Naquele período, não estávamos falando de “reclamações no Twitter” ou “opiniões cortadas”, estávamos falando de um Congresso fechado, de um Senado silenciado, de um Supremo Tribunal Federal mutilado. Havia censores oficiais dentro das redações e canais de comunicação que decidiam o que podia ou não ser publicado. Eles faziam parte das reuniões de pauta por ordem das forças armadas brasileiras. Profissionais do DOPS e do DOI-CODI frequentavam veículos de comunicação para vigiar jornalistas, intimidar repórteres e impedir que notícias chegassem ao público. E bons projetos também. Os insistentes simplesmente desapareciam ou eram encontrados mortos, alguns carbonizados. Era um Estado inteiro dedicado ao silêncio forçado.

Nomes como o Coronel Filinto Müller, que comandou a polícia política do Estado Novo e foi figura influente no endurecimento das perseguições, e o Coronel Carlos Alberto Brilhante Ustra, reconhecido oficialmente como torturador, não são personagens de debates sobre “politicamente correto”: são símbolos de um aparato real de violência, que sequestrava, torturava e matava opositores. A censura não era uma “linha editorial conservadora” ou “progressista”: era a proibição física, legal e violenta de falar, escrever, cantar ou filmar qualquer coisa fora do discurso oficial era sentença real de morte sem direito a defesa ou recurso.

Quando alguém compara, por birra pessoal, a moralização de conteúdo na TV de hoje com a ditadura, está não apenas distorcendo fatos, mas também apagando a gravidade do que aconteceu. É preciso constranger esse tipo de declaração, não por vaidade intelectual, mas por dever histórico.

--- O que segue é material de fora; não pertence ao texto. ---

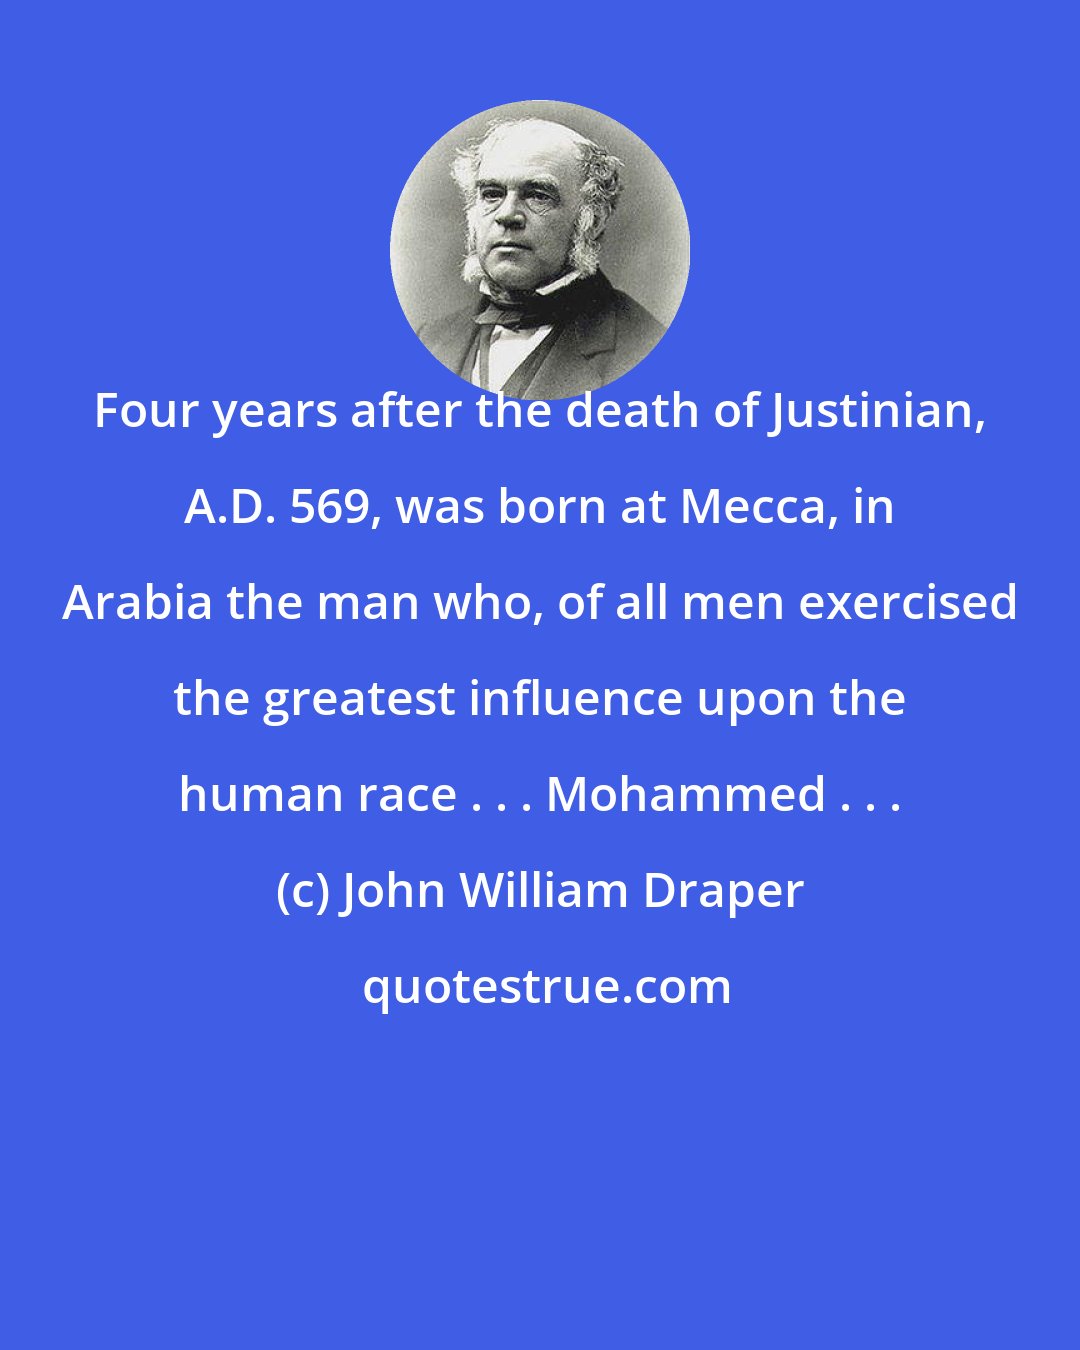 John William Draper: Four years after the death of Justinian, A.D. 569, was born at Mecca, in Arabia the man who, of all men exercised the greatest influence upon the human race . . . Mohammed . . .

Ignorar a diferença entre críticas públicas e um regime que usava tanques, armas, porões e agulhas que eram enfiadas abaixo das unhas como forma de delação para companheiros, para calar vozes, é uma escolha que só interessa a quem vive do caos, de um ressentimento torto, pessoal e afundado em ego e desinformação.

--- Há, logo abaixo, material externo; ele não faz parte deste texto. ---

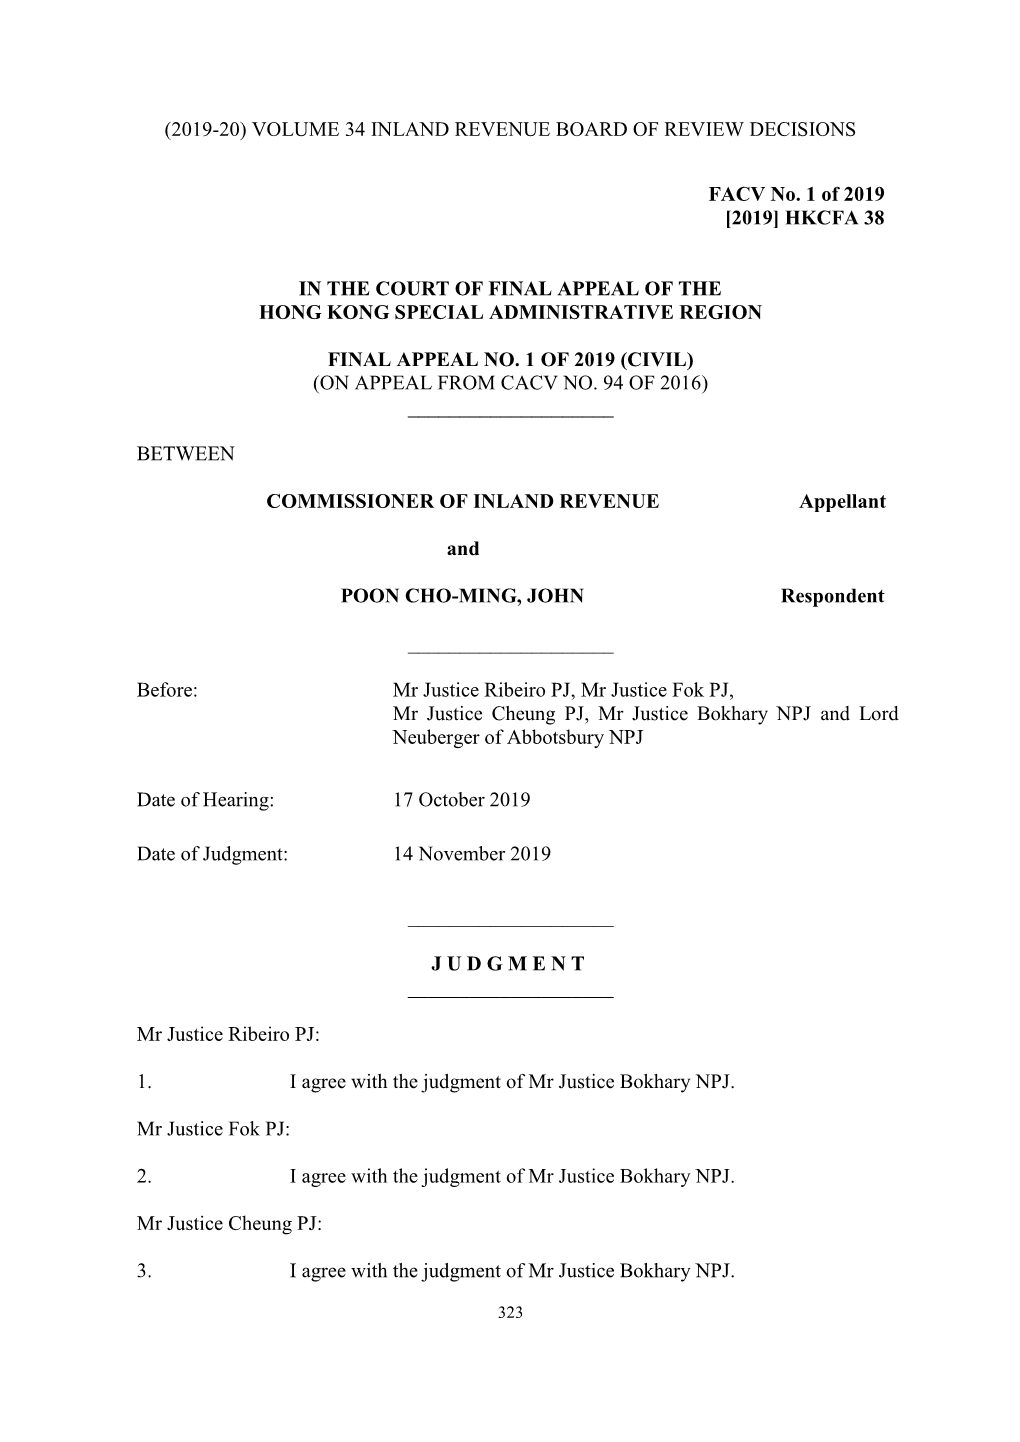 (2019-20) Volume 34 Inland Revenue Board of Review Decisions

Censura é um tema sério demais para virar meme de rede social ou instrumento de ressentimento pessoal. A liberdade de criticar, inclusive com exageros, só existe porque vivemos em um Estado democrático. Quem usa essa liberdade para comparar injustamente tempos tão diferentes talvez não perceba o privilégio que tem, ou talvez perceba, e prefira transformá-lo em munição contra a própria verdade histórica. E isso, sim, é um desserviço à memória coletiva. É vergonhoso.

Alessandro Lo-Bianco

Fui repórter da Editora Abril, O Dia, Jornal O Globo, Rádio CBN e produtor executivo dos telejornais da Record. Estou ao vivo na RedeTV!, como colunista de TV do programa “A Tarde é Sua”, com Sônia Abrão. Também sou colunista do portal IG (lobianco.ig.com.br). Tenho 11 livros publicados e 17 prêmios de Jornalismo.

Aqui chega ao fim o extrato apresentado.